Segment Start: DATA SEGMENT

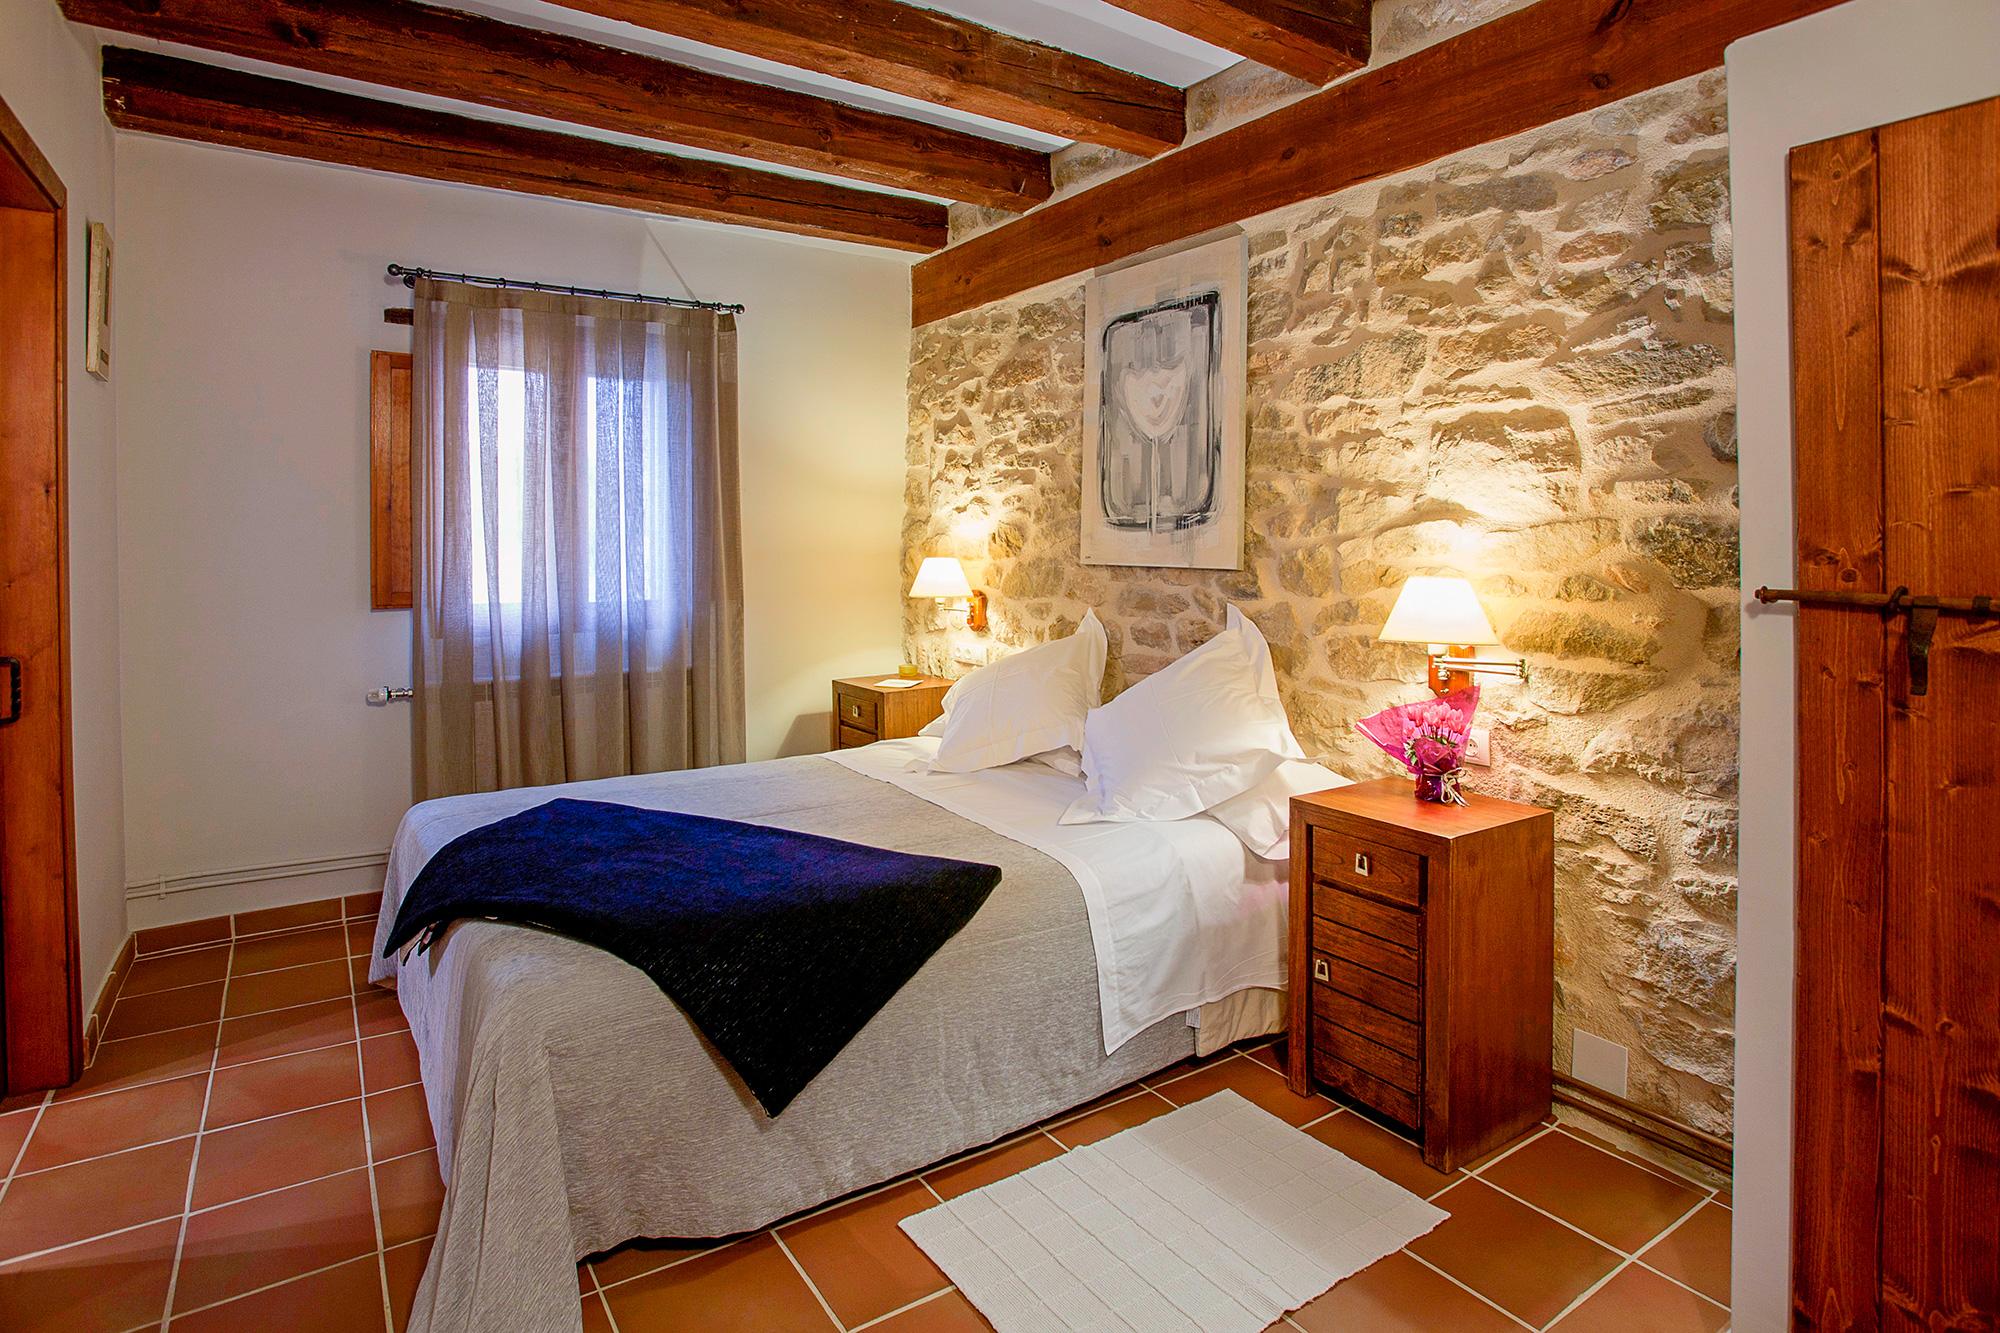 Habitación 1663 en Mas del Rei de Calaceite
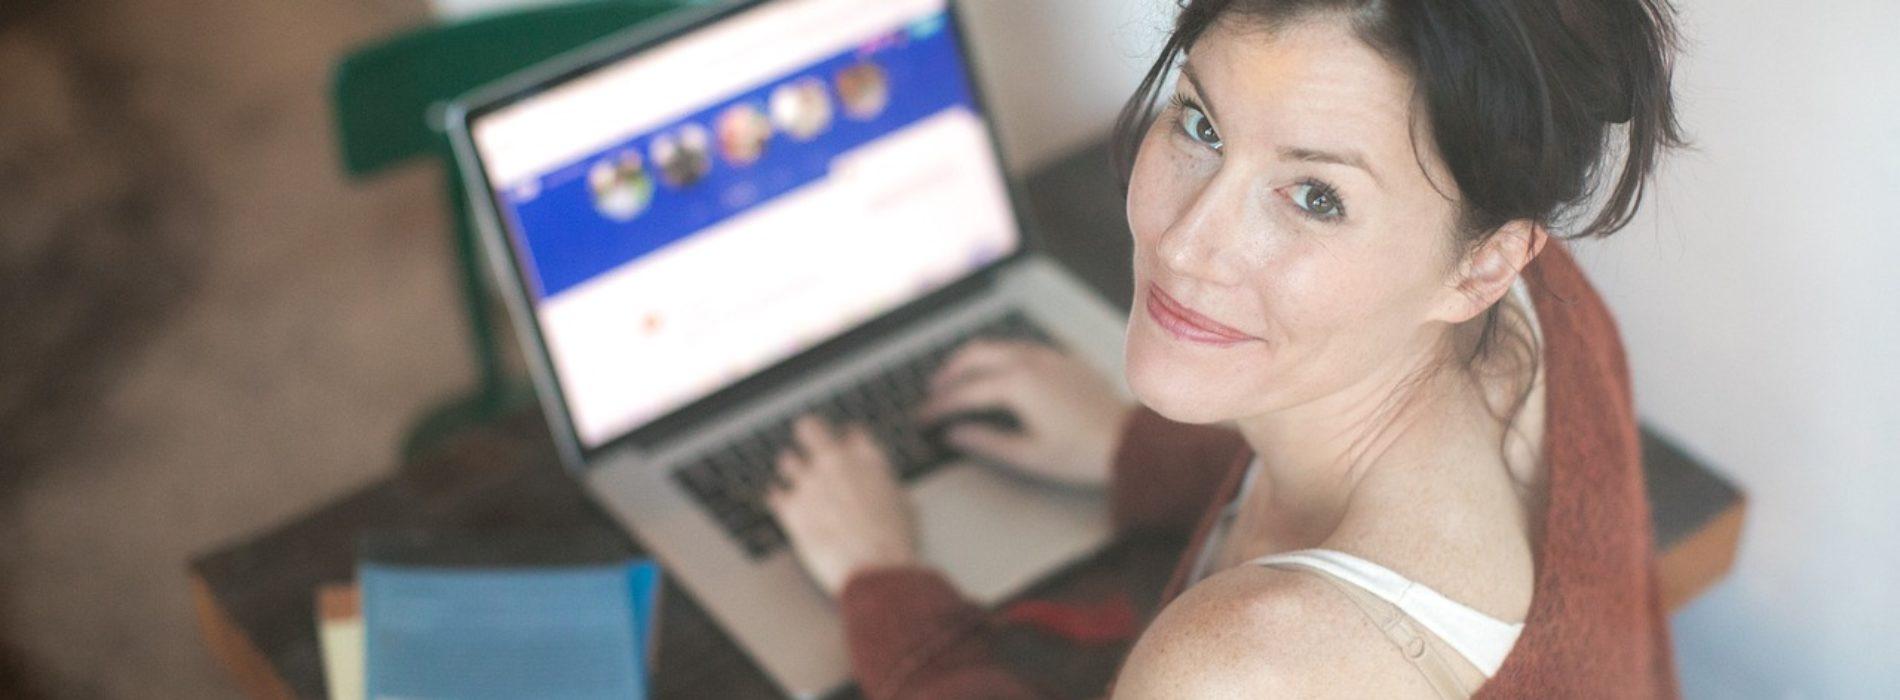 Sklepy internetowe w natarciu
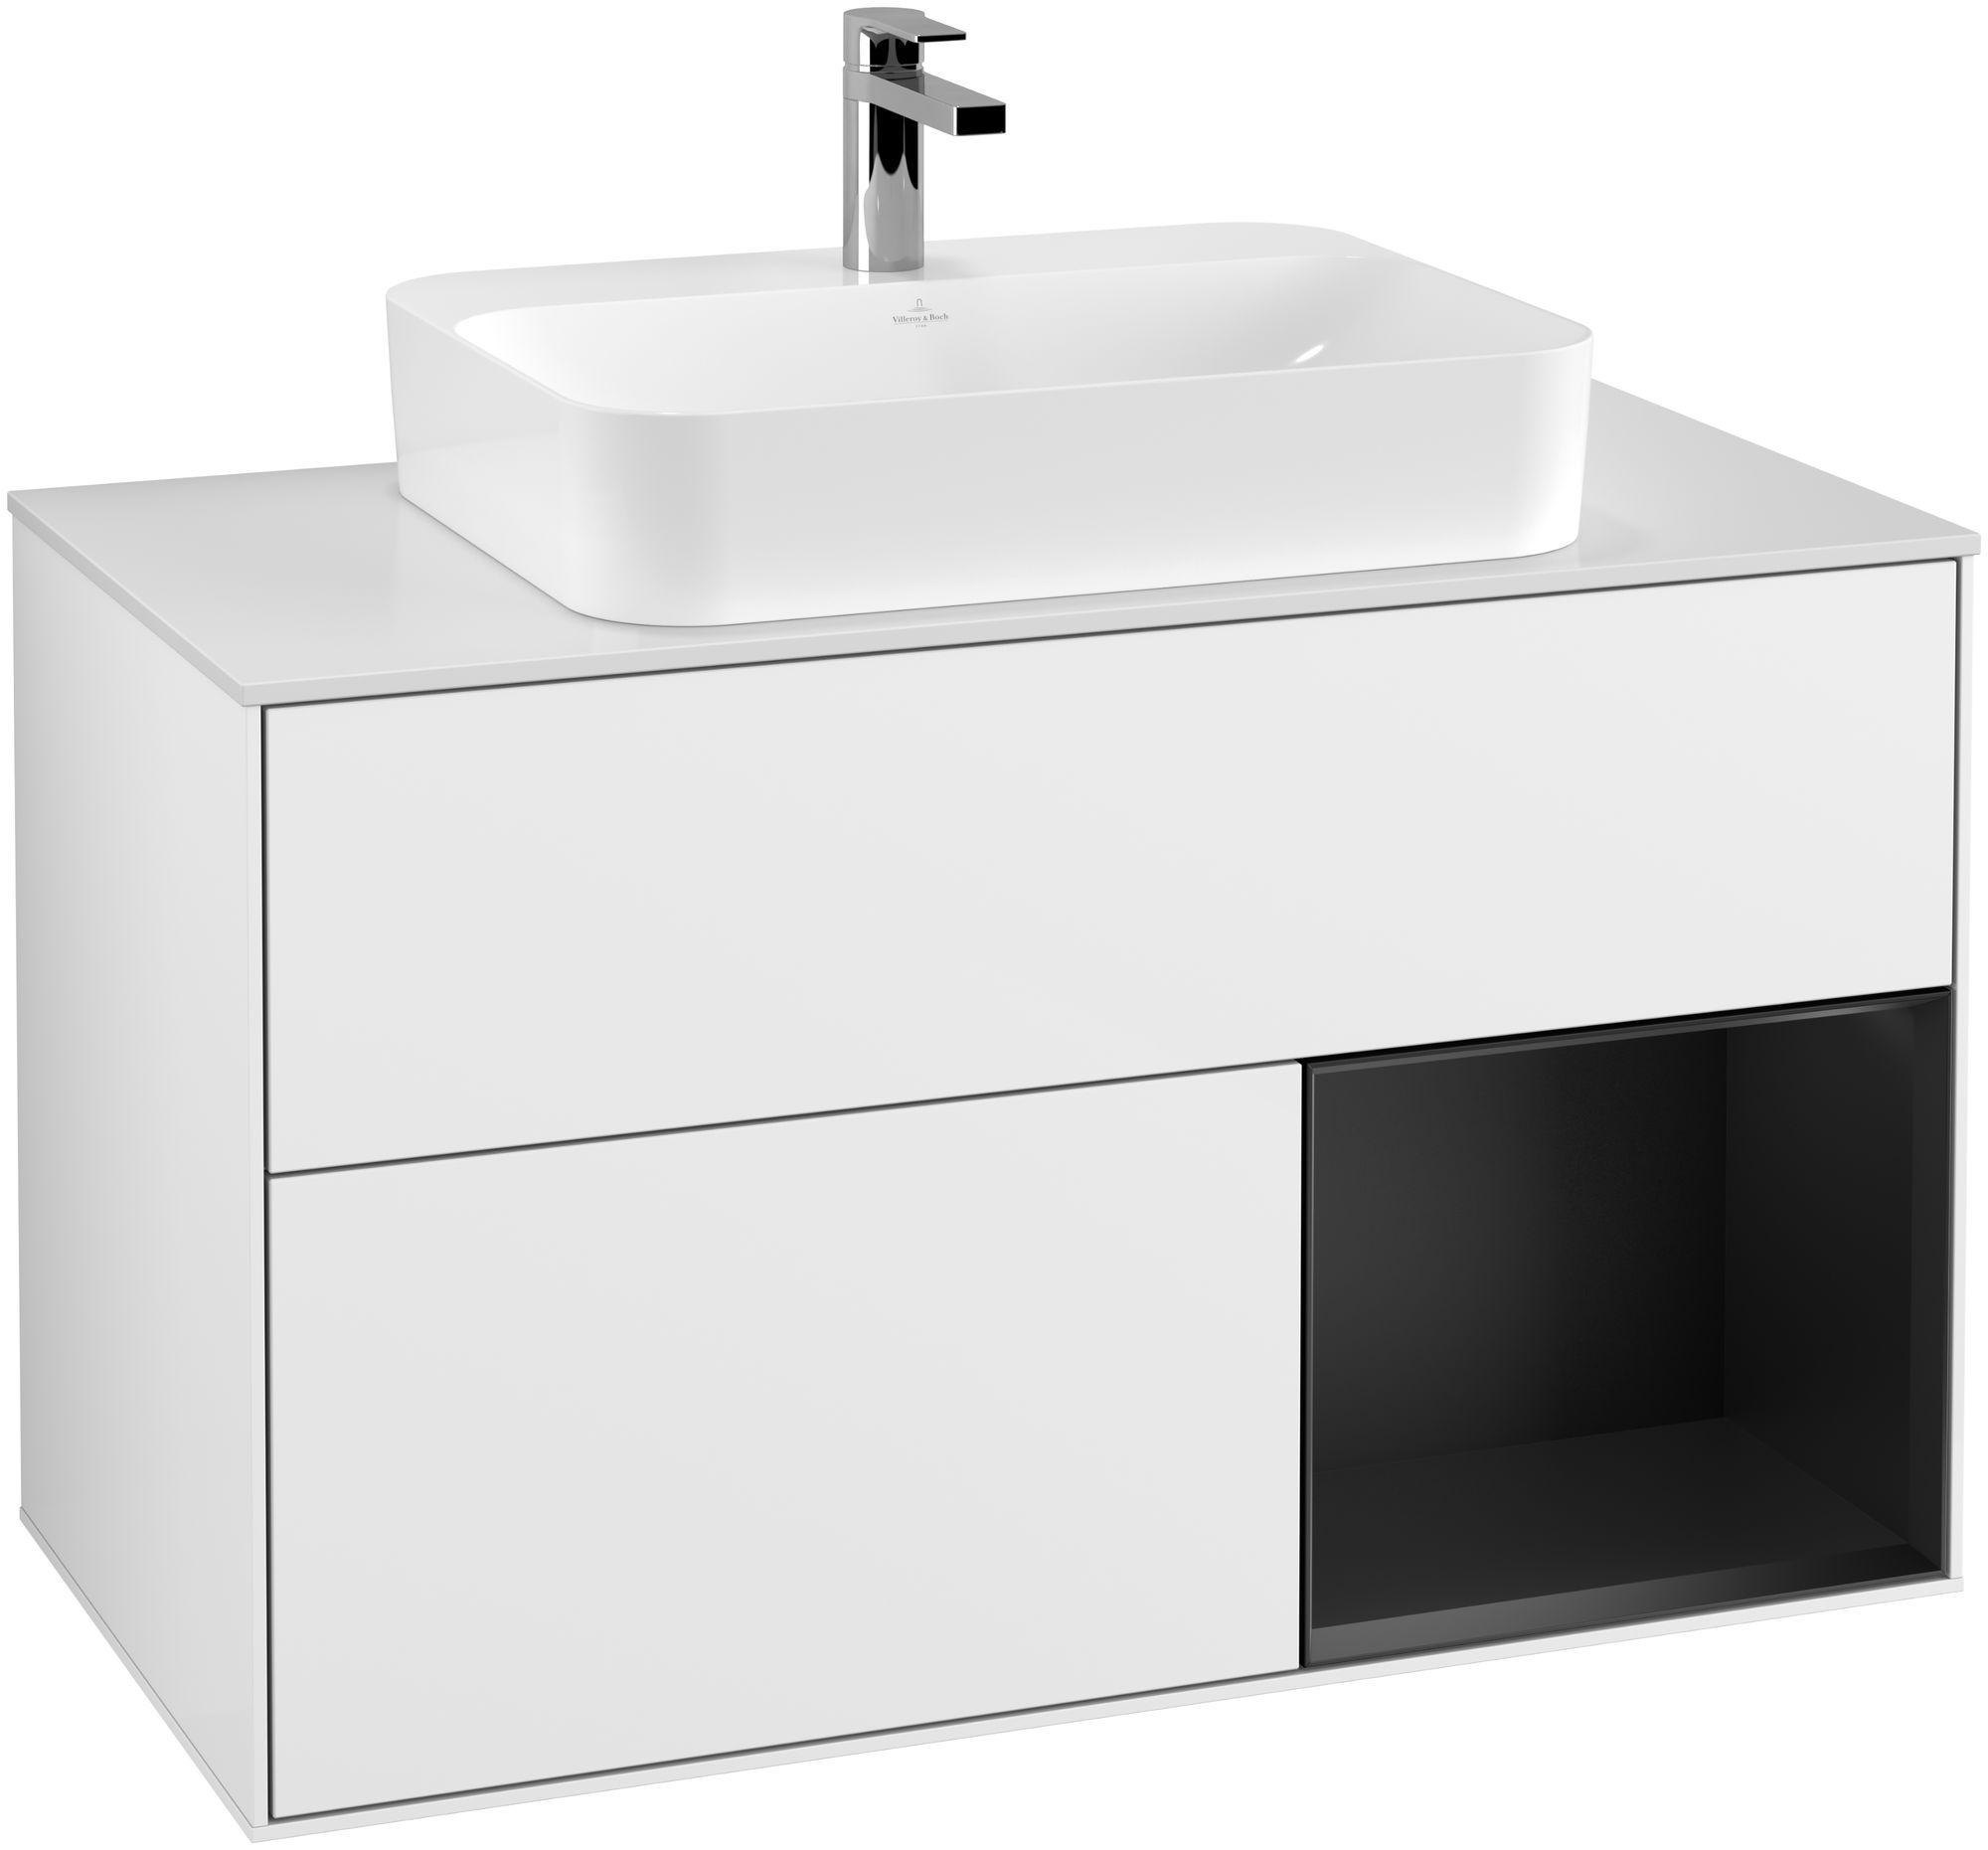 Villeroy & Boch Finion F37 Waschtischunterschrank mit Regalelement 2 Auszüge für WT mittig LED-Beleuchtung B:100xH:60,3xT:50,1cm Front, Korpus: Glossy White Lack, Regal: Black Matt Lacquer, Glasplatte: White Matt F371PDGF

Segment End: DATA SEGMENT

Give an exact copy of the listing above that leaves out every picture.

 Habitación 1663 en Mas del Rei de Calaceite
 Sklepy internetowe w natarciu
 Villeroy & Boch Finion F37 Waschtischunterschrank mit Regalelement 2 Auszüge für WT mittig LED-Beleuchtung B:100xH:60,3xT:50,1cm Front, Korpus: Glossy White Lack, Regal: Black Matt Lacquer, Glasplatte: White Matt F371PDGF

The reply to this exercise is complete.